(Stored data)
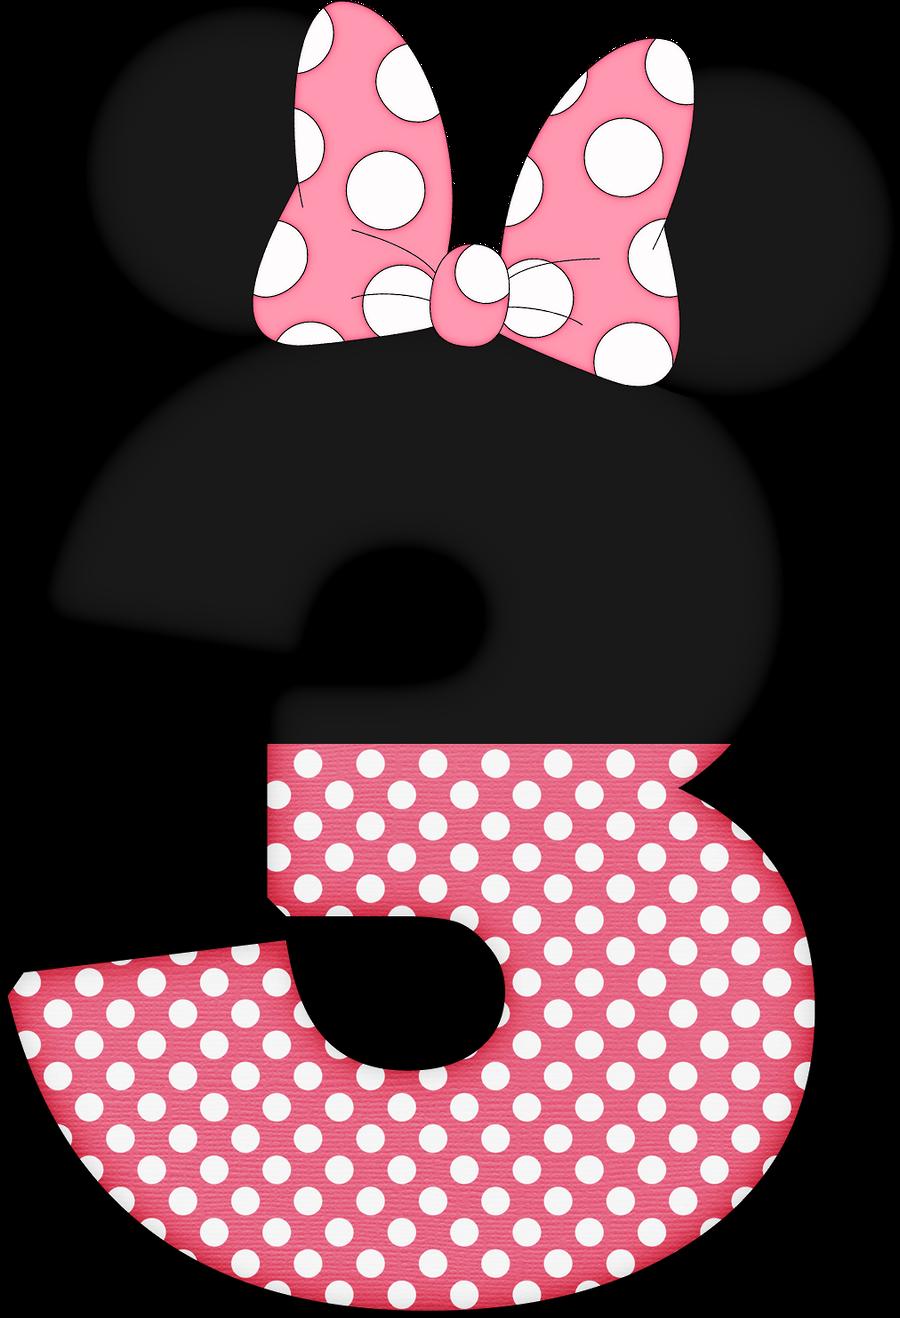 Mickey e minnie si. Dot clipart quote
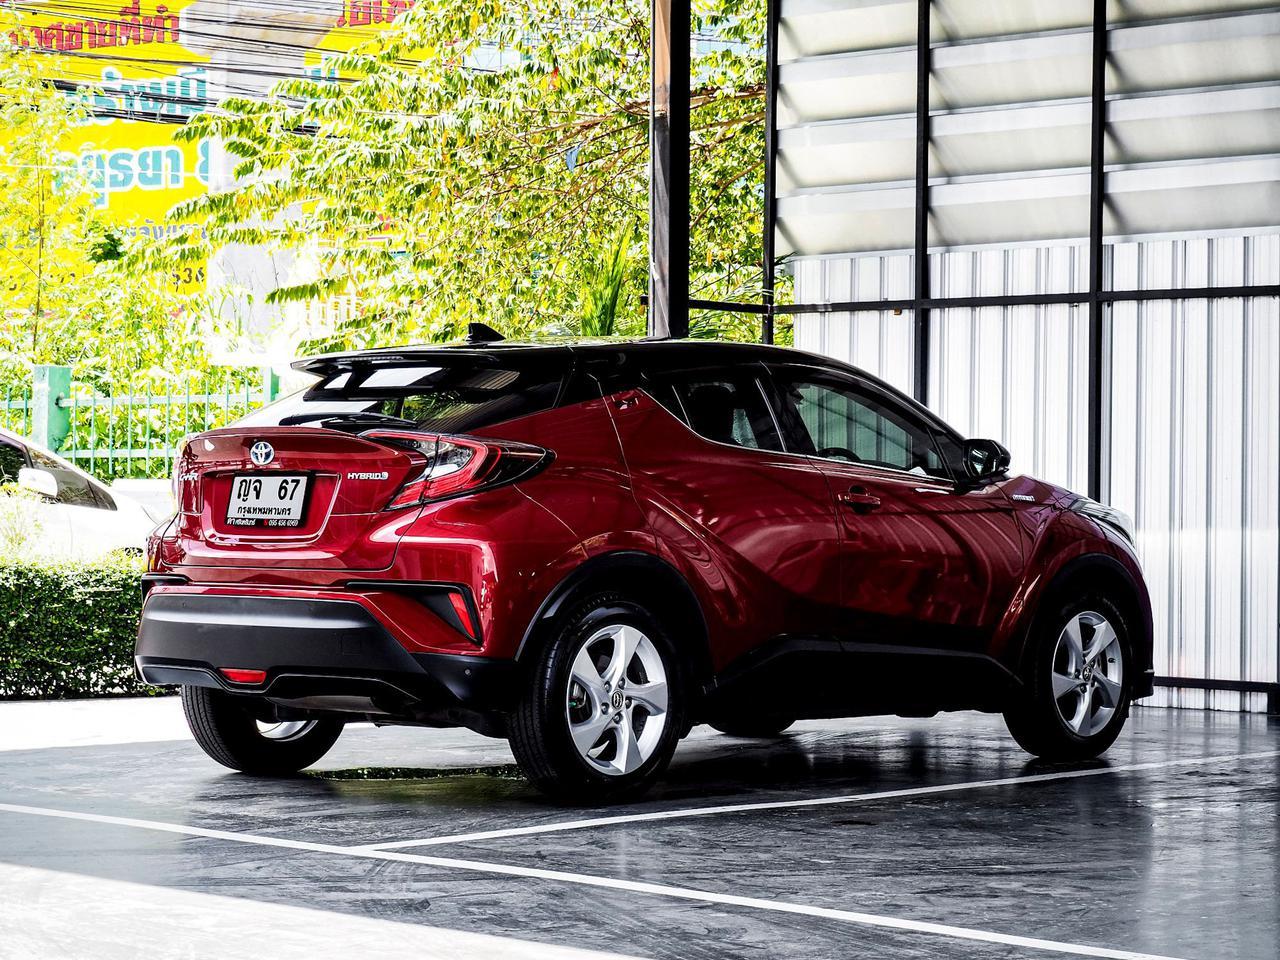 Toyota CHR HV Hi รุ่น Top สุด ปี 2019 เลขไมล์ 60,000 กิโล รูปที่ 6
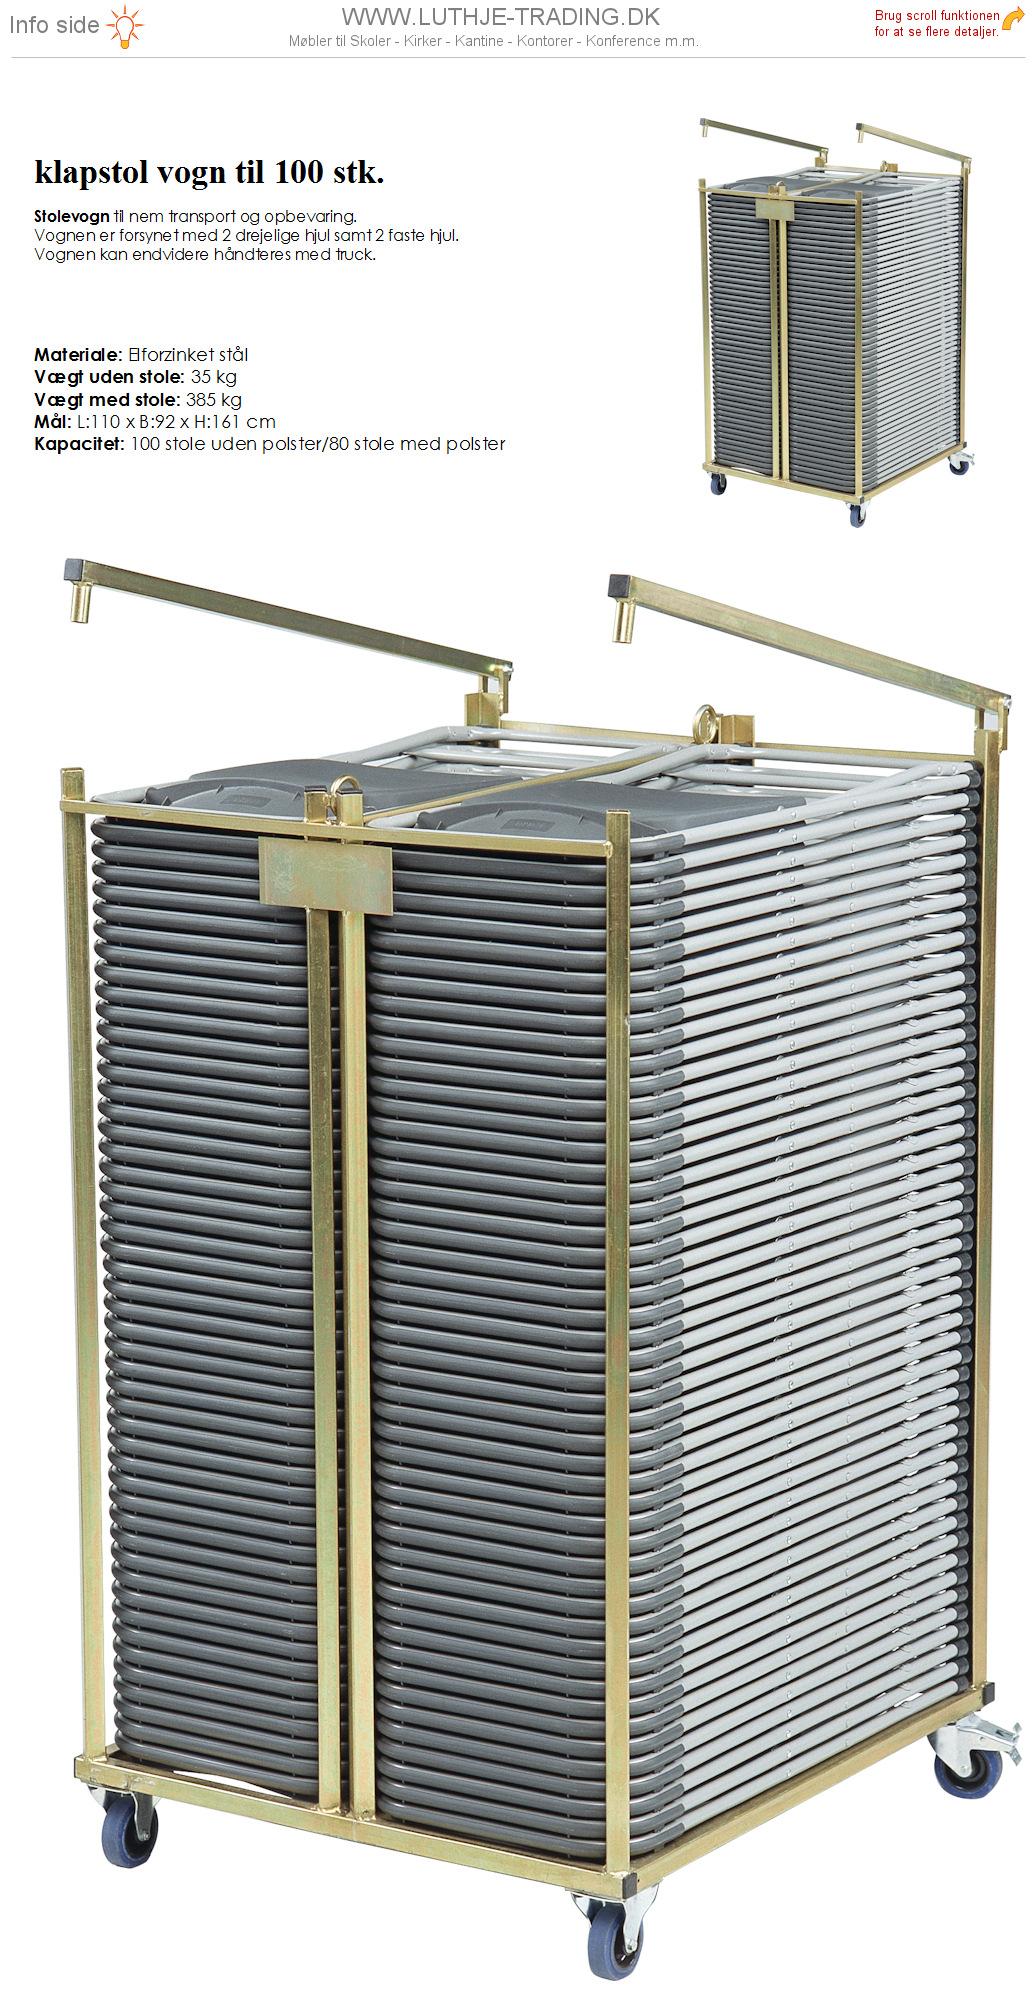 Klapstol vogn. Kan transportere og opbevare 100 stk. klapstole uden polster og 80 stk. klapstole med polster.
(End Stored data)
Prompt:
Return the full listing exactly as it appears above, without its pictures.

Reply:
 Mickey e minnie si. Dot clipart quote
 Toyota CHR HV Hi รุ่น Top สุด ปี 2019 เลขไมล์ 60,000 กิโล รูปที่ 6
 Klapstol vogn. Kan transportere og opbevare 100 stk. klapstole uden polster og 80 stk. klapstole med polster.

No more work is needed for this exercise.